Required action = In the data below, reproduce everything exactly except the images.

Supplied material =
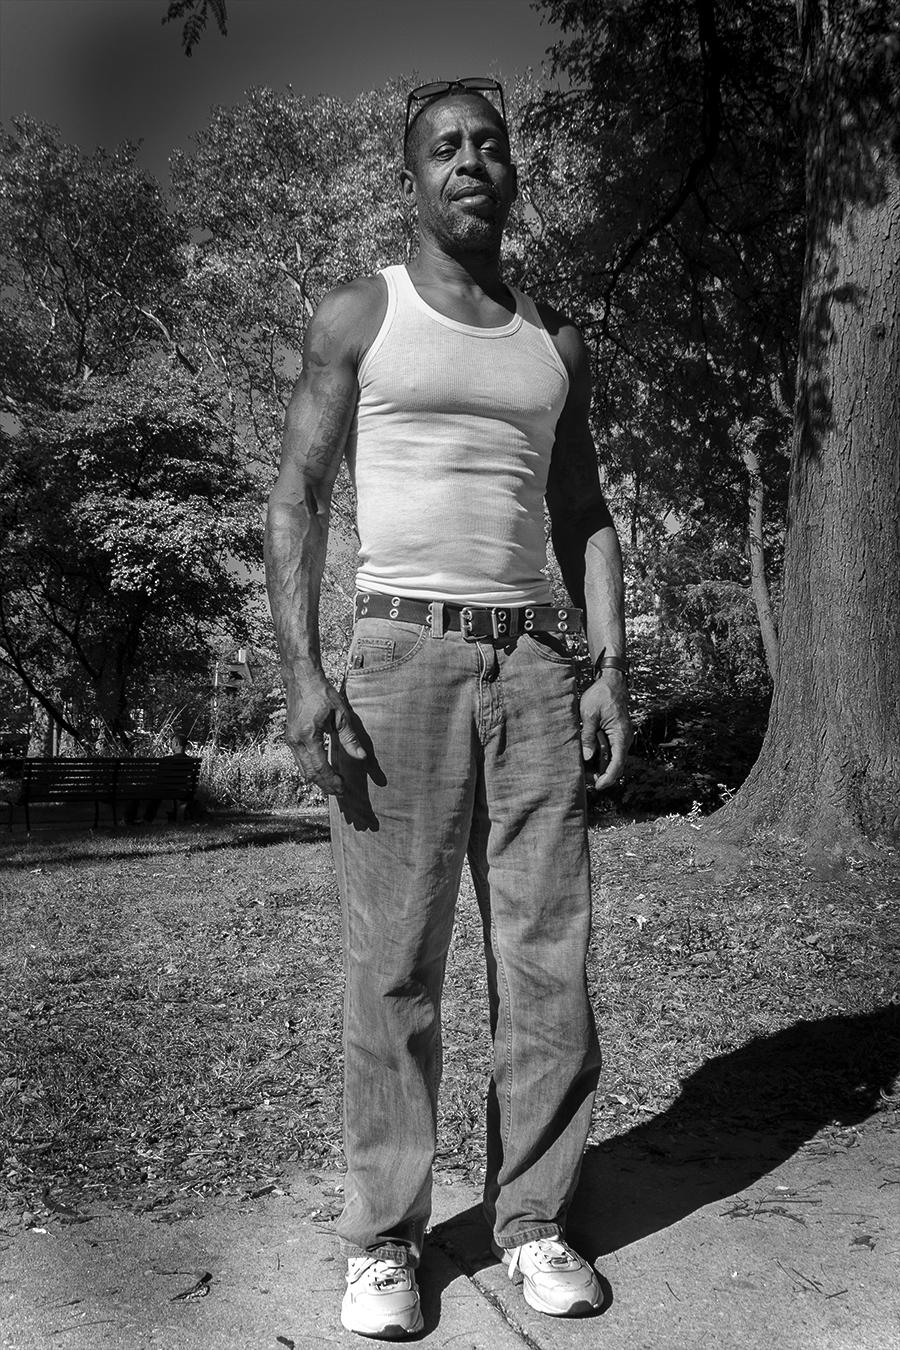 Jingwen_Felix_Qiang_Photography_Food_Truck_Man_Heroic_White_Shirt_West_Philly_Street_Baltimore
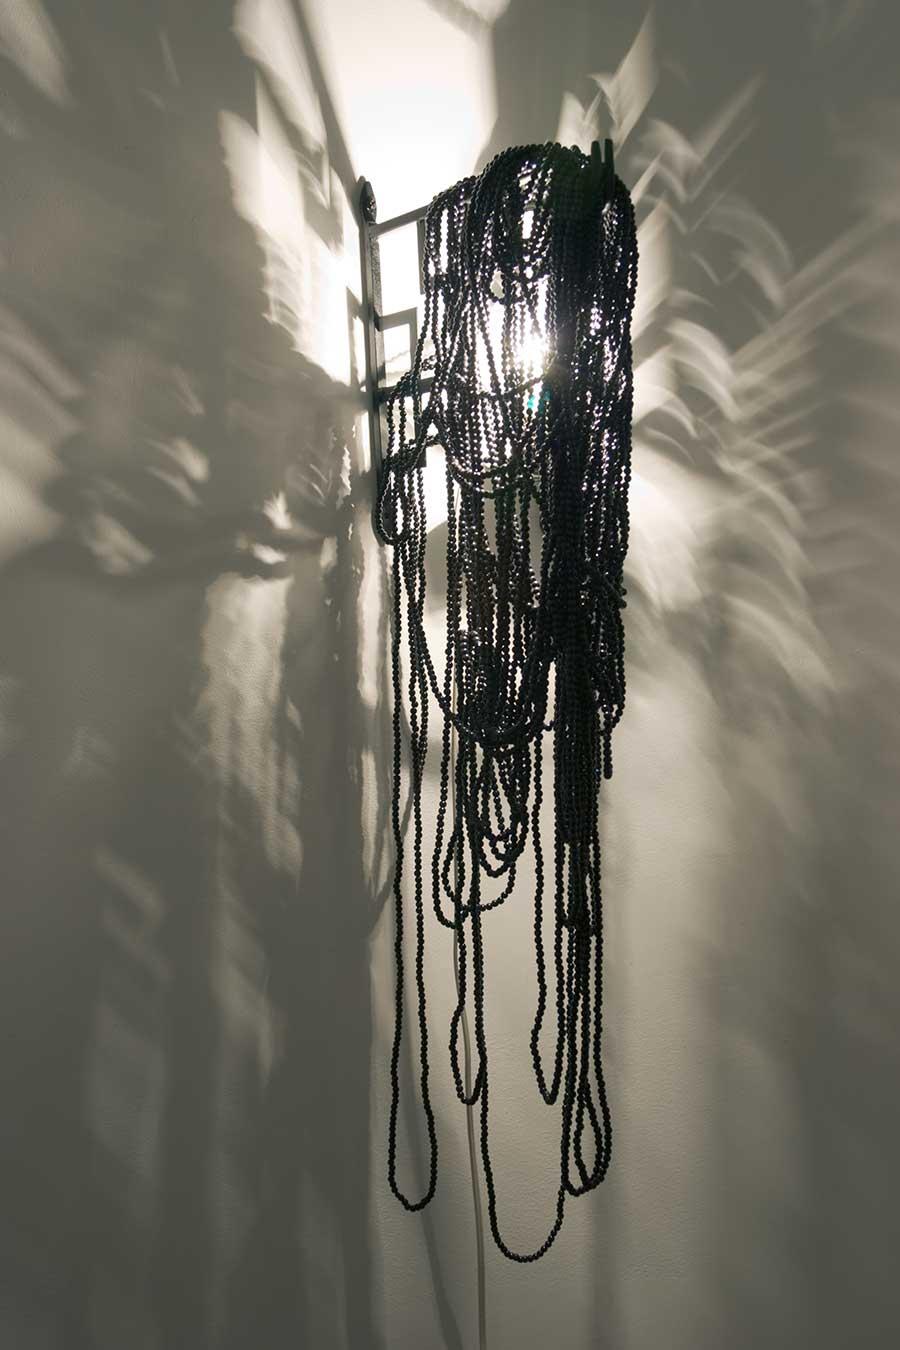 A Tavola Series: Black Beads
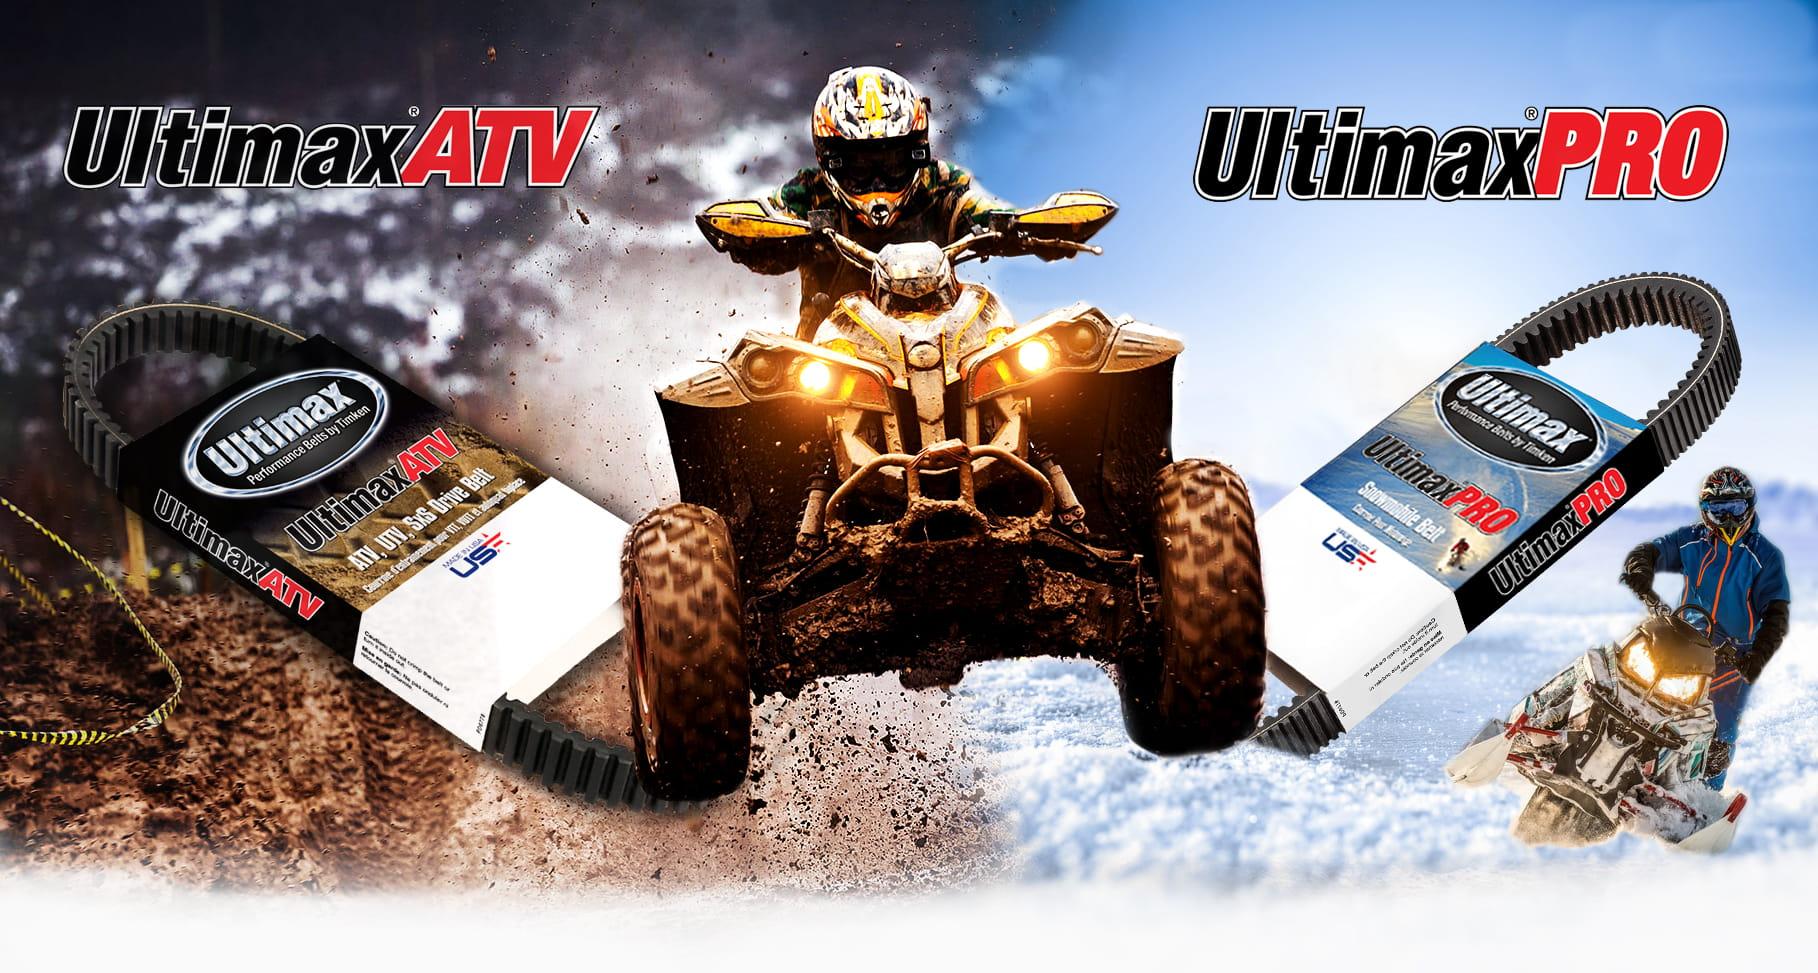 Powersports Belts by Ultimax - ATV Belts, UTV Belts, Snowmobile Belts

Result for this task =
 Jingwen_Felix_Qiang_Photography_Food_Truck_Man_Heroic_White_Shirt_West_Philly_Street_Baltimore
 A Tavola Series: Black Beads
 Powersports Belts by Ultimax - ATV Belts, UTV Belts, Snowmobile Belts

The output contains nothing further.